--- Task brief ---
Restate each of the lines below word for word and drop every picture.

--- Supplied data ---
**********
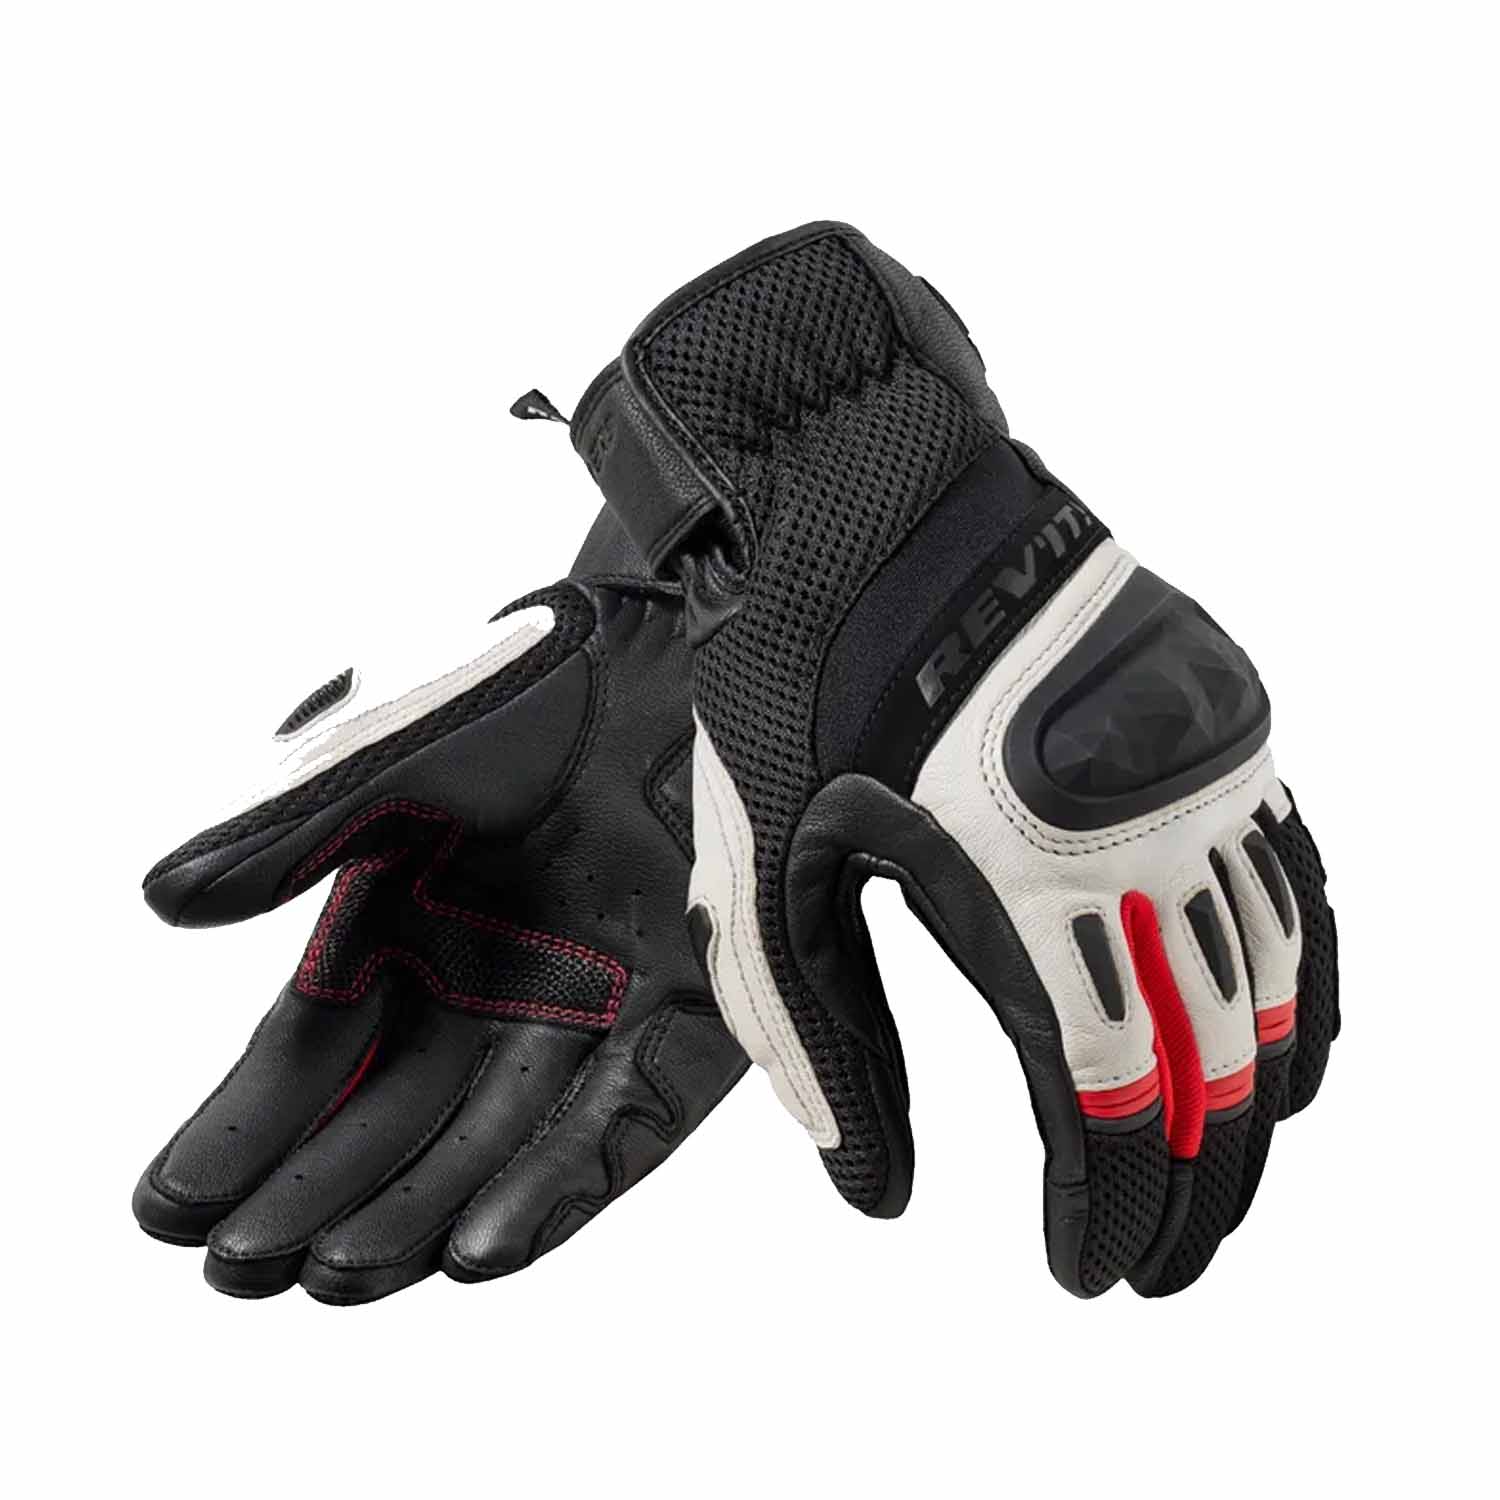 Image of EU REV'IT! Dirt 4 Gloves Black Red Taille 2XL
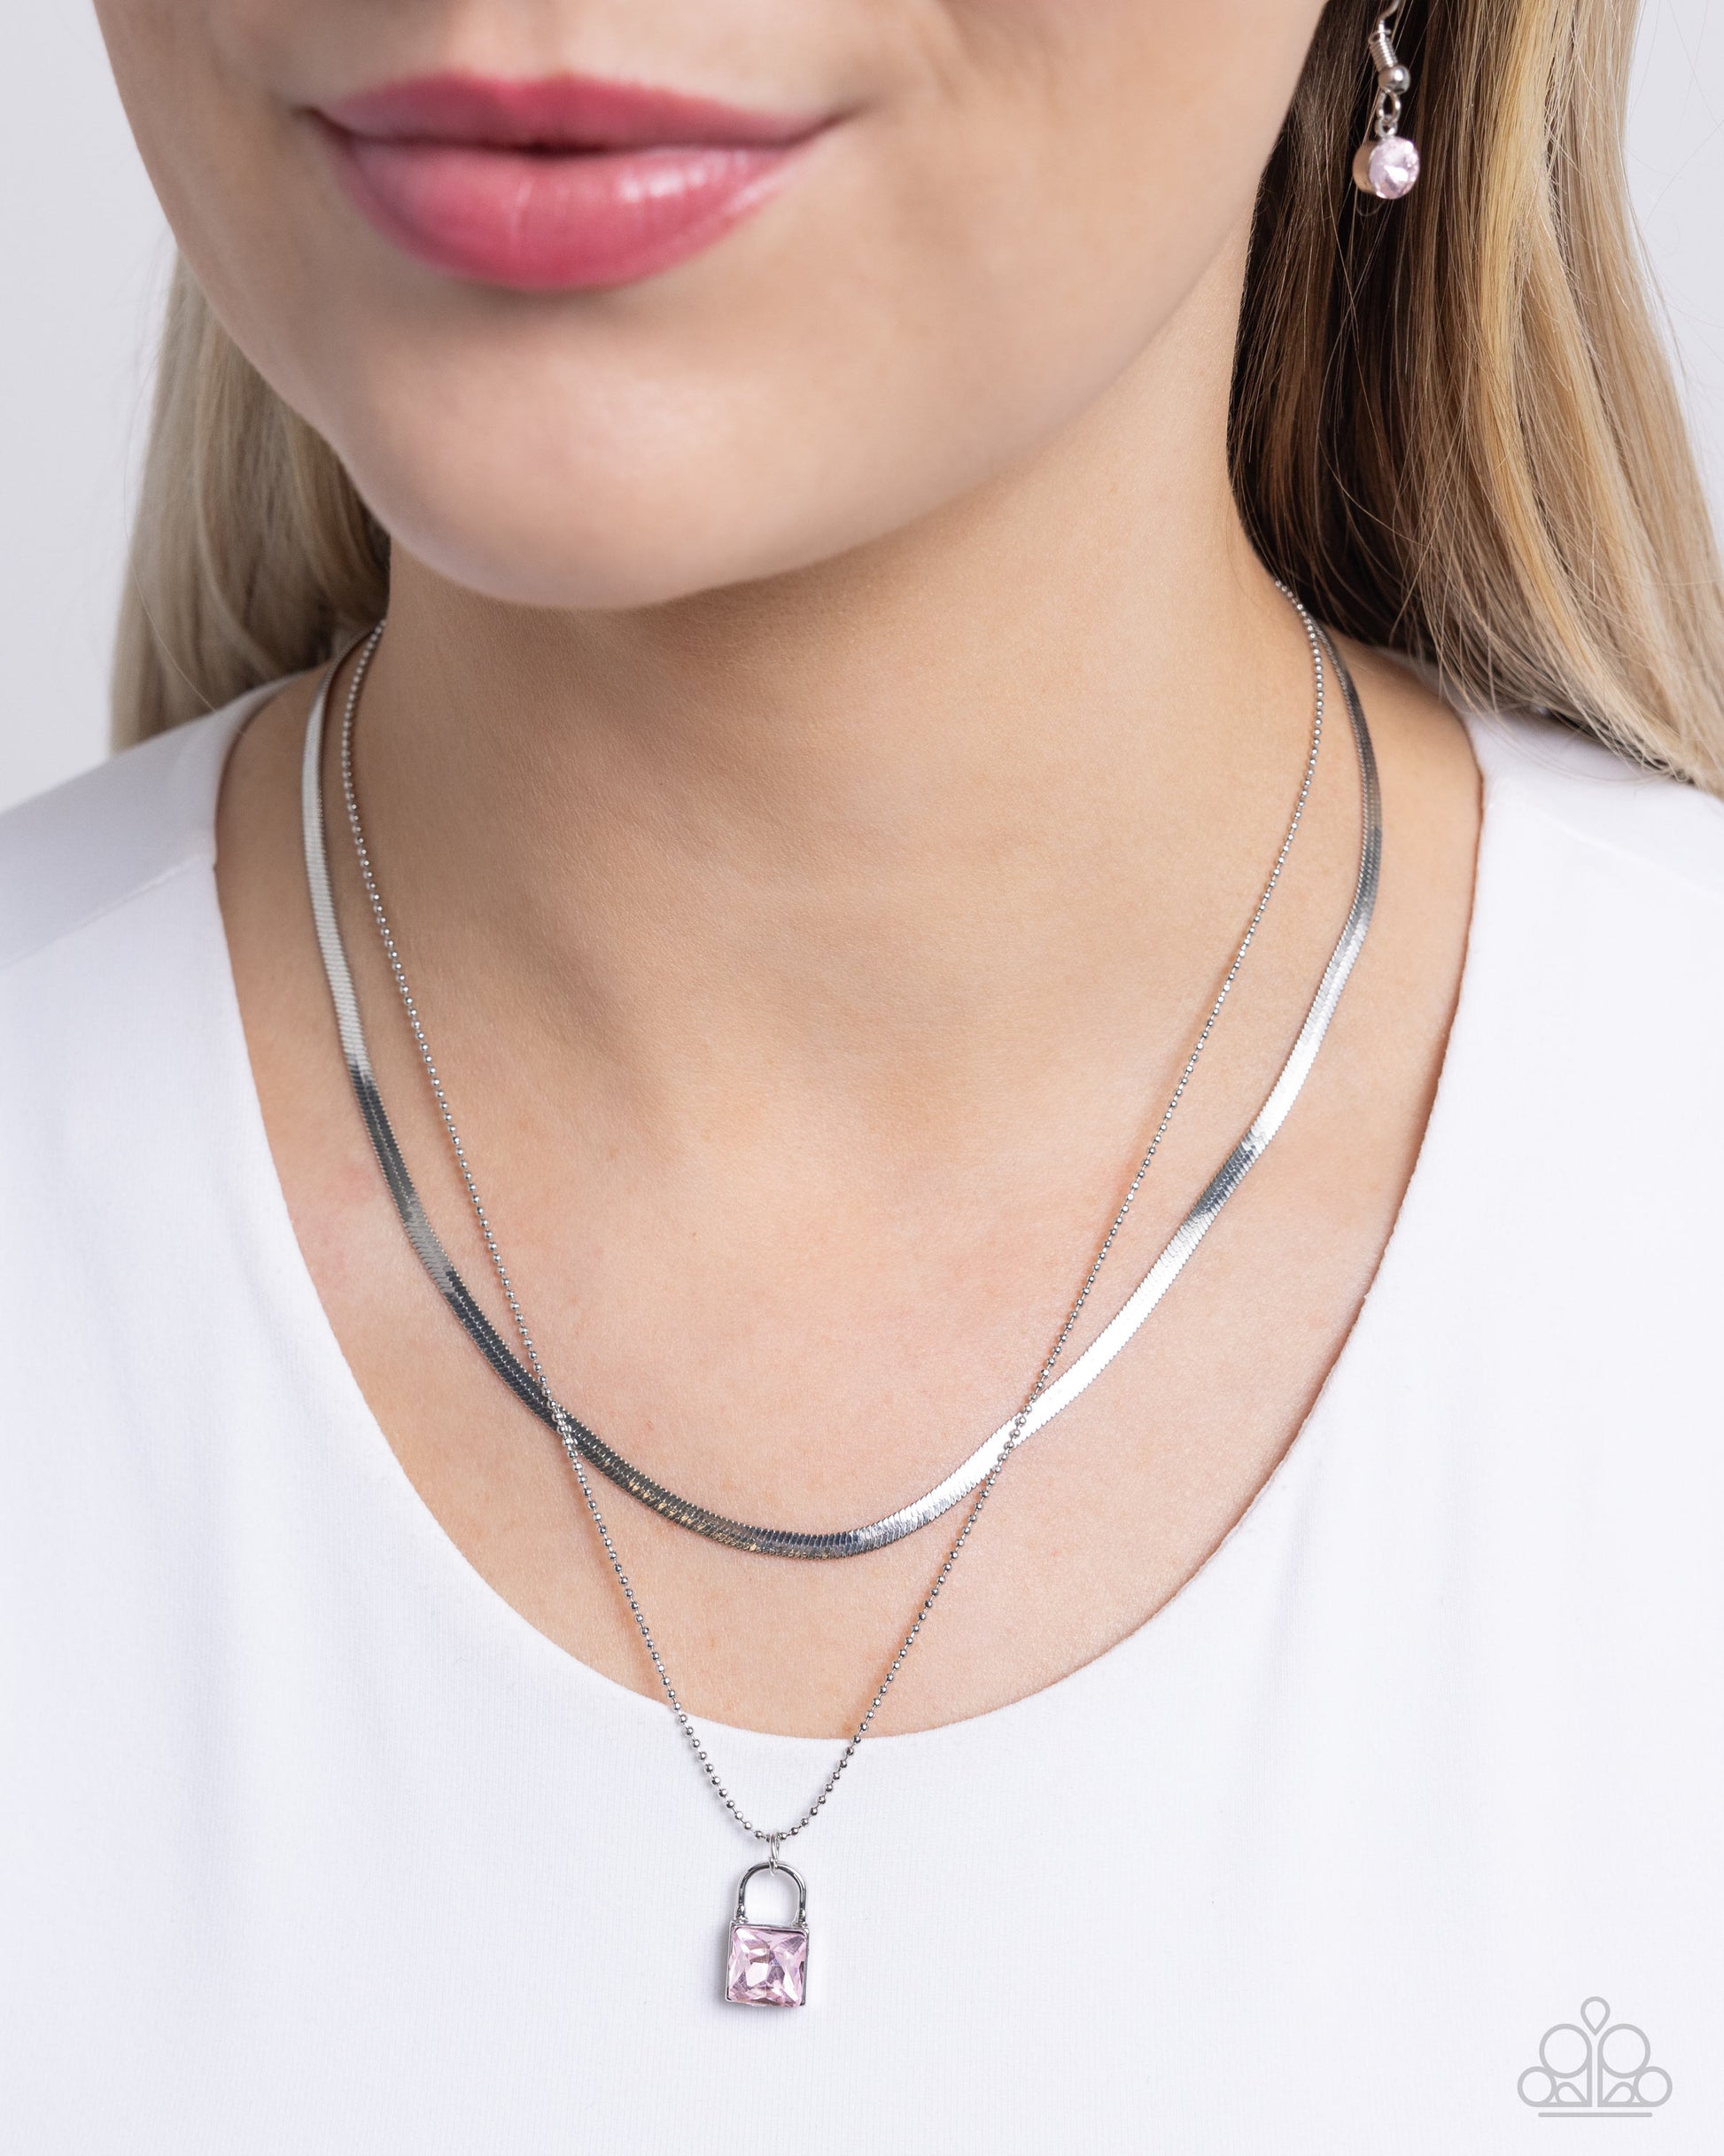 <p data-mce-fragment="1">Pressed in a silver padlock pendant, a square pink gem glistens and glides along a dainty silver ball chain. Layered above the gritty glittery display, a silver herringbone chain creates additional edge and detail. Features an adjustable clasp closure.</p> <p data-mce-fragment="1"><i data-mce-fragment="1">Sold as one individual necklace. Includes one pair of matching earrings.</i></p> <p data-mce-fragment="1"><i data-mce-fragment="1">Order date 4/20/24</i></p>
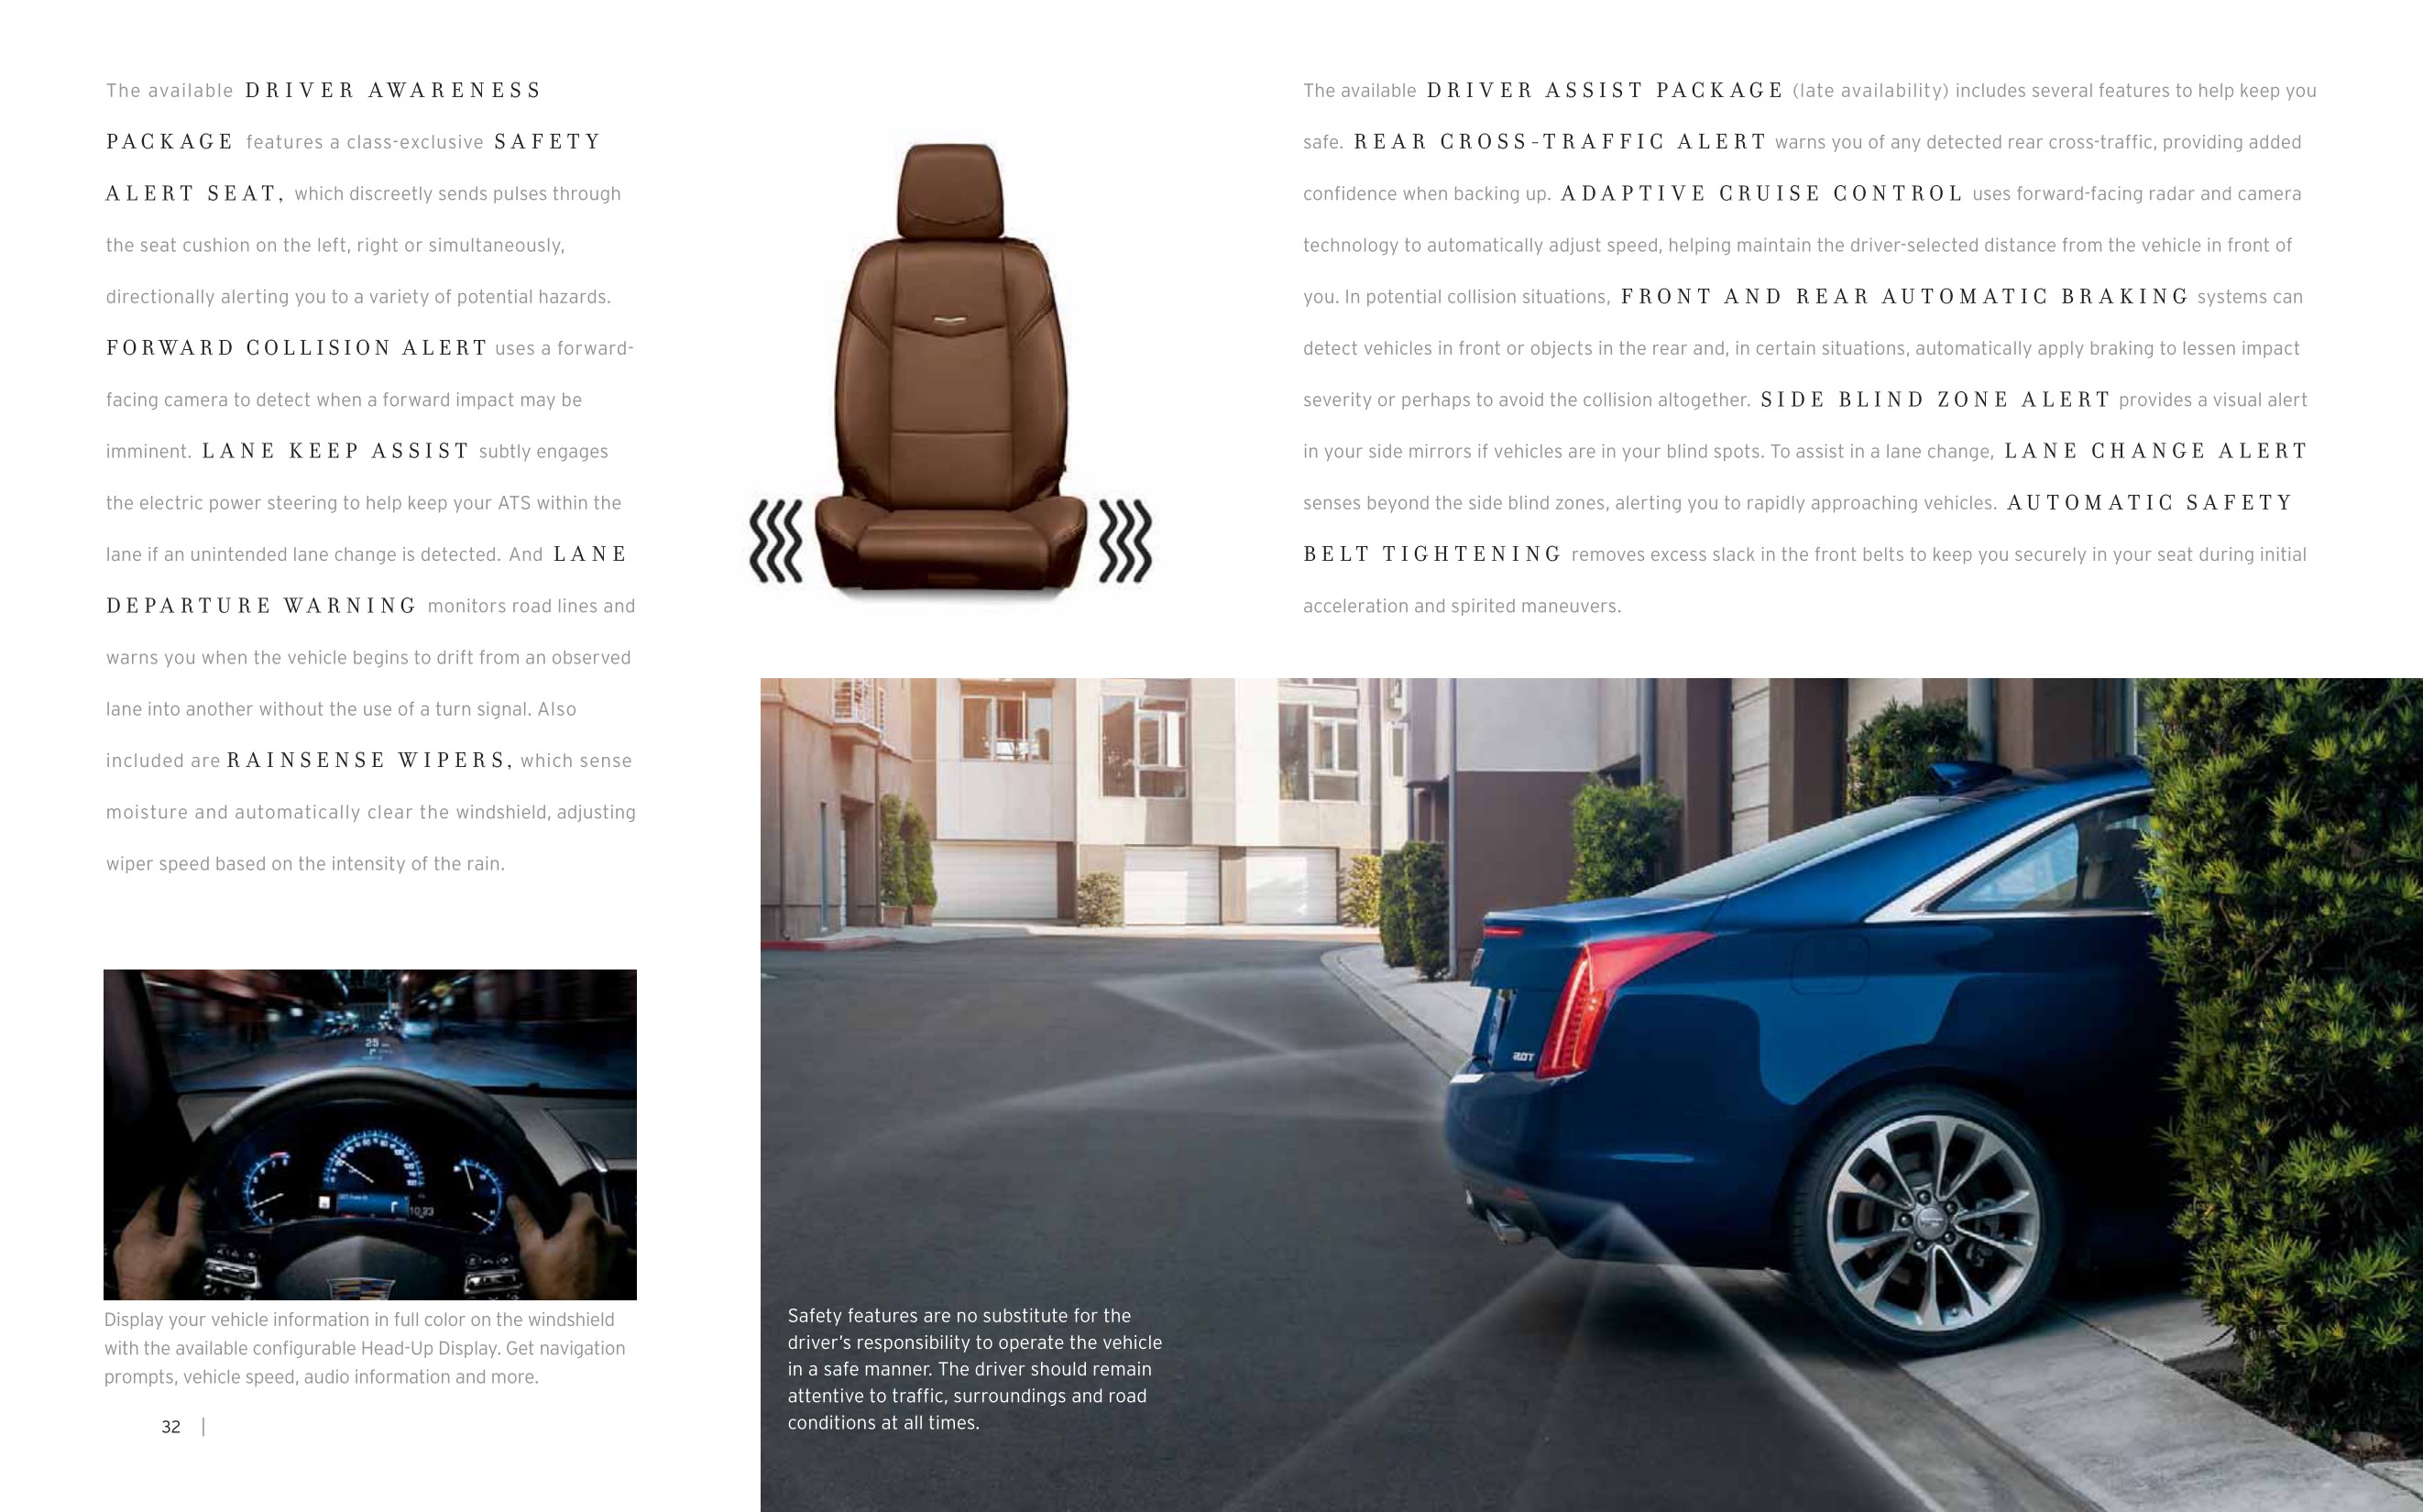 2015 Cadillac ATS Coupe Brochure Page 31
**********
--- Worked solution ---
 Image of EU REV'IT! Dirt 4 Gloves Black Red Taille 2XL
 <p data-mce-fragment="1">Pressed in a silver padlock pendant, a square pink gem glistens and glides along a dainty silver ball chain. Layered above the gritty glittery display, a silver herringbone chain creates additional edge and detail. Features an adjustable clasp closure.</p> <p data-mce-fragment="1"><i data-mce-fragment="1">Sold as one individual necklace. Includes one pair of matching earrings.</i></p> <p data-mce-fragment="1"><i data-mce-fragment="1">Order date 4/20/24</i></p>
 2015 Cadillac ATS Coupe Brochure Page 31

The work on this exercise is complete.